Три любви Достоевского | страница 76



Но главным было то соединение физического желания и воображения, без которого Достоевский не мог испытывать подлинной страсти. Аполлинария занимала его умственно и эмоционально так же сильно, как возбуждала телесно. Гумилев писал о женщине, «которой нам дано сперва измучиться, а после насладиться». С Аполлинарией у Достоевского сперва пришло наслаждение, но едва он успел насладиться, как начал мучиться. Раздражение постоянной близости, воспоминание о недавней физической интимности, ревность к другому, кому она только что отдалась, оскорбленное мужское самолюбие, надежда на будущее, обещание счастья при первом проблеске ее нежности, и затем отчаяние от ее холода и безразличия – он прошел через всю эту драму неразделенной любви и неутоленного желания. Иной раз, в порыве смирения и самоуничижения, он готов был всё принять, всё стерпеть, лишь бы она позволила ему целовать ее ноги, подол ее платья. Но после этого мучительного и сладкого рабства приходило восстание гордости, возмущение собственной слабостью. Рассудок и опыт предупреждали Достоевского, что воскресить прошлое, то, что было в Петербурге в 63-м году, до ее отъезда, нельзя, что Аполлинария уходит, если совсем не ушла от него. Но он не мог поверить, что она его кинула, он хотел верить в нее, несмотря ни на что. Вспоминая ее измену и поведение в Италии, он сжимал кулаки от злости и бессилия, он задыхался от этой любви, как от наваждения, он просил Бога дать ему силы, чтобы избавиться от Аполлинарии. А через час мысль о том, что он совсем ее потеряет, быть может, никогда больше ее не увидит, делала его больным на целый день. Так и метался он от мечты о ней до борьбы с нею, ни в чем не находя покоя.
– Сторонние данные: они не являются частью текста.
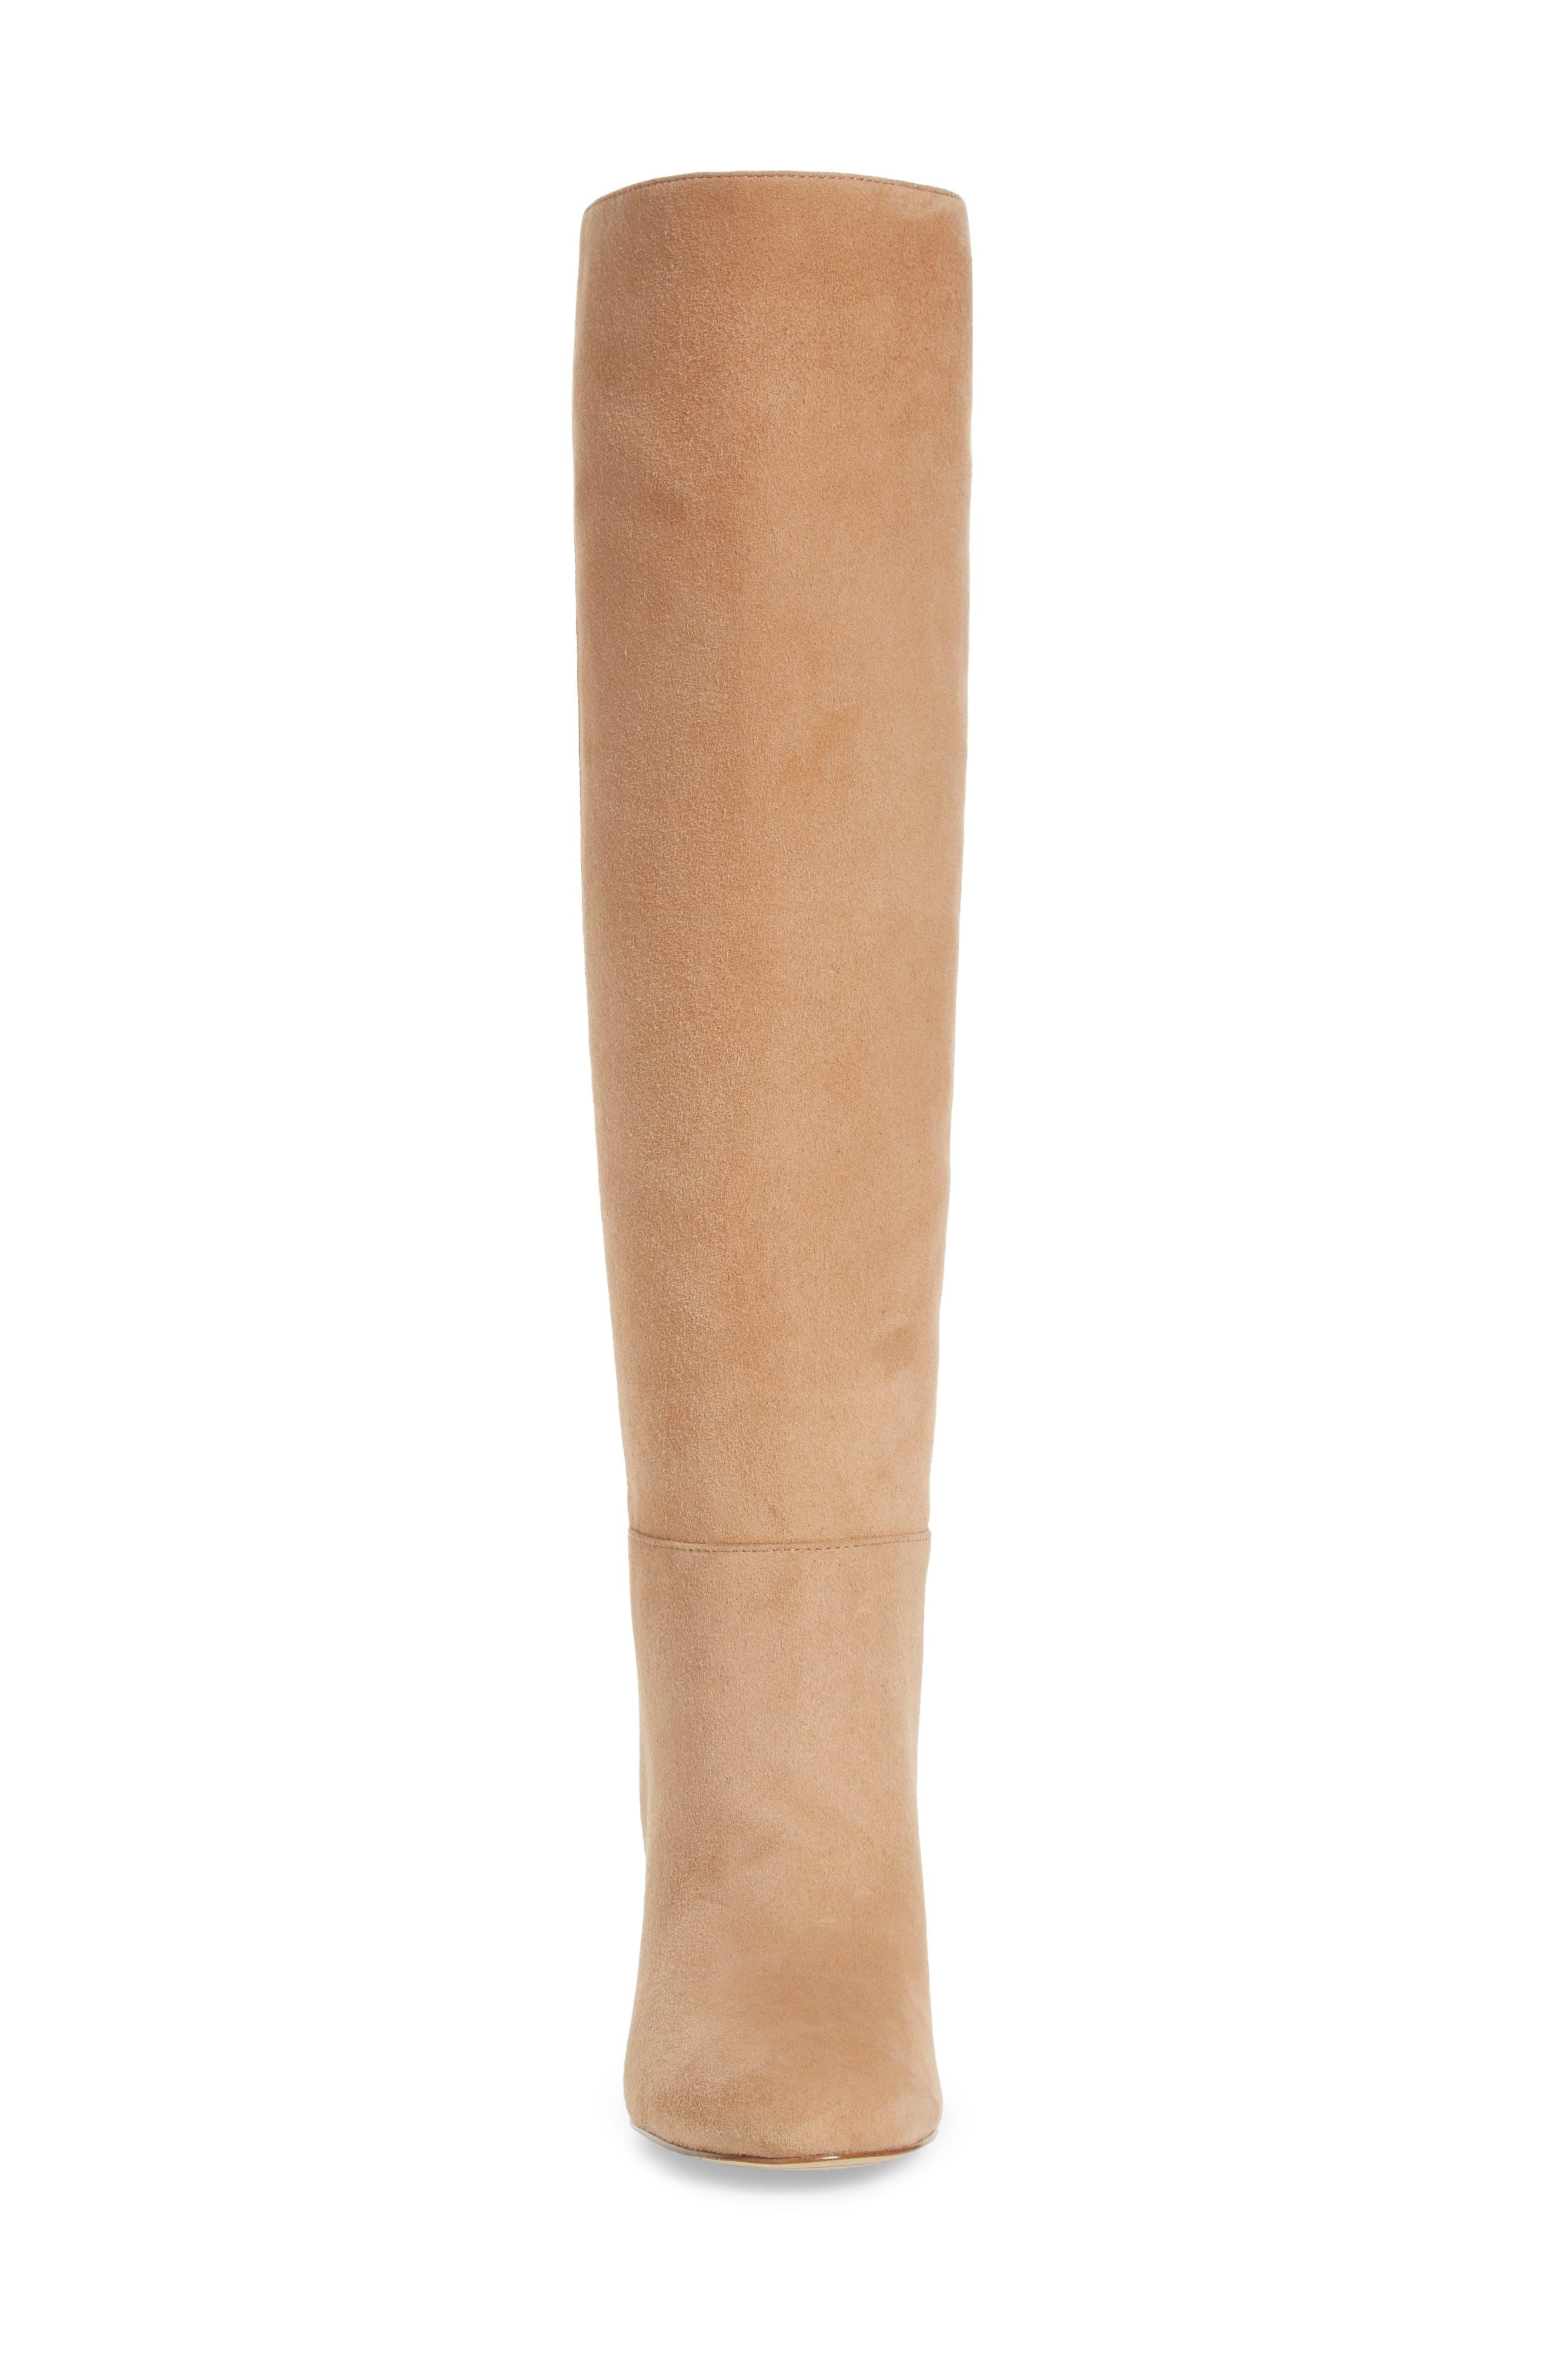 SAM EDELMAN, Caprice Knee-High Boot, Alternate thumbnail 4, color, 250

Аполлинария привлекала Достоевского совершенно по иным причинам, чем некогда Марья Димитриевна. Она не походила на хрупкую страдалицу, на нервную беззащитную женщину с подозрительным румянцем на худых щеках. В Аполлинарии не было той женственности, связанной со слабостью, которая у Достоевского всегда ассоциировалась с его детством и матерью. В ней увидал он нечто от амазонки. Это была иная порода, для него непривычная, тот новый тип своевольной властительницы, с каким ему еще не приходилось встречаться.
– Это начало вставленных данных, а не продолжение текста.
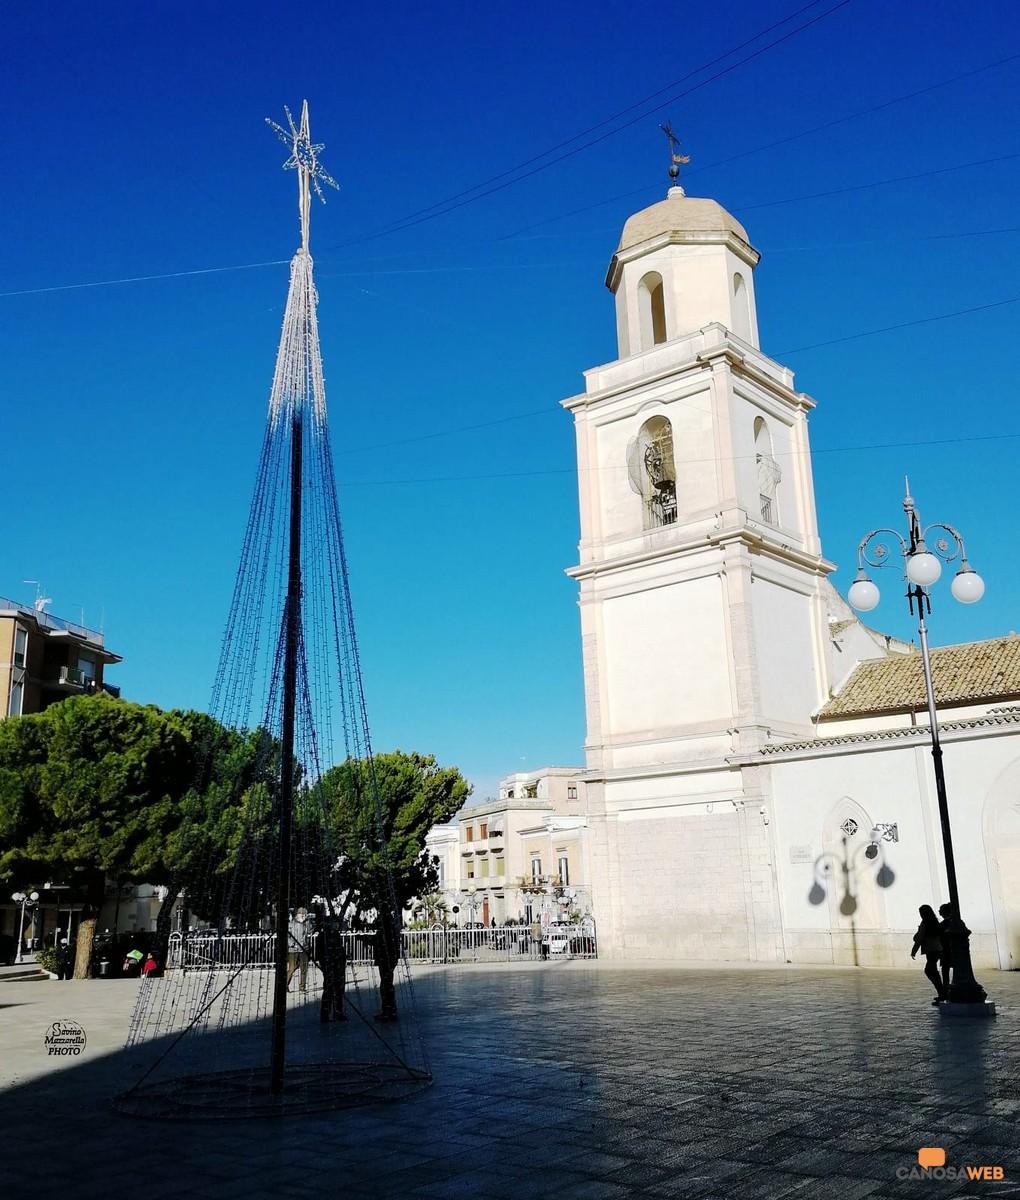 2020 Natale a Canosa di Puglia

Его особенно притягивало ее самоутверждение. Это было и сложнее и значительнее простого эгоизма: она считала себя вправе совершать всё, что ей заблагорассудится, потому что отвергала все моральные условности и запрещения. Она даже не столько отвергала их теоретически, сколько презирала в действительности. И тут дело было не в ее «нигилизме» или приятии лозунгов эпохи, а в ее натуре. Она была бунтаркой по своему душевному складу и исконной русскости. Она постоянно искала свободы, но понимала ее по-своему – отказываясь от обязанностей по отношению к окружающим и считая, что она ничем ни с кем не связана. В самый разгар драмы с Сальвадором она записала в Дневник (и потом, наверное, прочла Достоевскому): «Сегодня я много думала и осталась почти довольна, что Сальвадор меня мало любит, я более свободна… Жизнь, которую я предполагала, не удовлетворит меня. Нужно жить полнее и шире». Это не обычные мечтания романтической барышни: все ее поступки доказывают, что она способна была разрушать препятствия и брать барьеры.